If you're already familiar with all the parameters on your EQ, feel free to skip to the next page.
On Logic's Linear Phase EQ there are buttons at the top with a little symbol in each. These buttons activate, or deactivate that band of frequencies. The symbol illustrates the shape in which the EQ cuts or boosts. They are fairly self-explanatory, the way the symbol looks is a reflection of how it will look on the EQ when you adjust that particular band.
This video demonstrates the controls on Logics Linear Phase EQ and follows the explanation written beneath.

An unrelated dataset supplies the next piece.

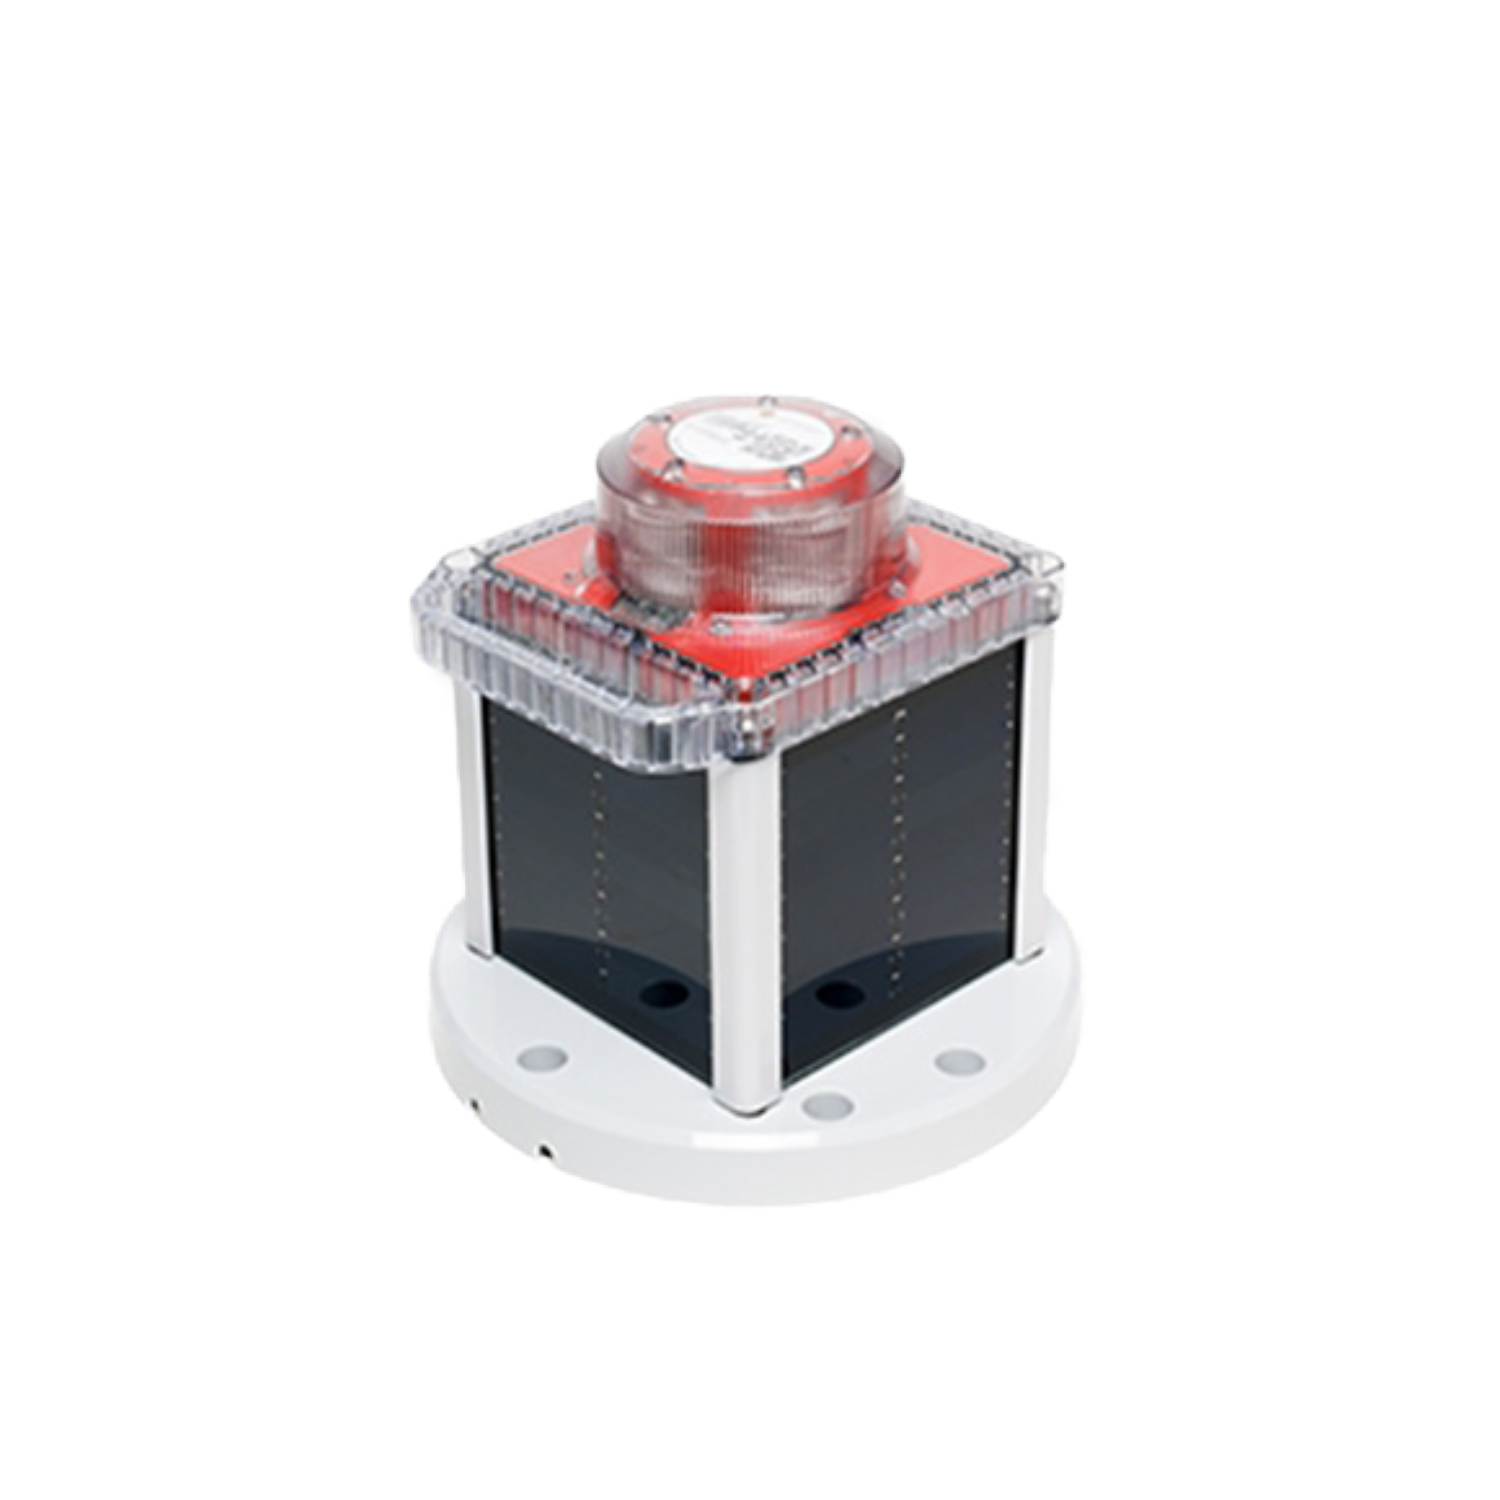 Self-contained LED Lantern for Buoys0

The first symbol is known as a 'low cut'. This band cuts everything below the chosen frequency. For this band, the Q will adjust the shape and gradient of the cut. Unlike most of the other bands, this first adjuster has a 'slope' as opposed to 'gain'. This is measured in decibels per octave and will also adjust the shape and gradient of the cut. Taking Q up past 1 starts to create a lift at the selected frequency. Adjustment of the slope can give you a long drawn out curve, or a steep drop.
The next symbol is known as a 'shelf'. Again, the way it looks is a reflection on how the EQ will look when using this control. The gain adjuster on this one will create a slope leading to a shelf like shape at the selected frequency which will extend down to the bottom of the spectrum, or until it is affected by another band. Like the first band (low cut), the Q will give you a change in the gradient and shape of the slope.
The next group of symbols are known as contours (sometimes referred to as 'bell'). You may agree they are simpler in the way they work. The gain boosts or attenuates the frequency selected in that band. The Q adjusts the width of the band. A low Q setting will equal a wide band width.
Toward the end you'll find another shelf, and then a 'high cut'. They are precisely the same as the first two, only they are facing the opposite way. The high cut will attenuate everything above the chosen frequency. The gradient and shape are dependent on the slope and Q settings.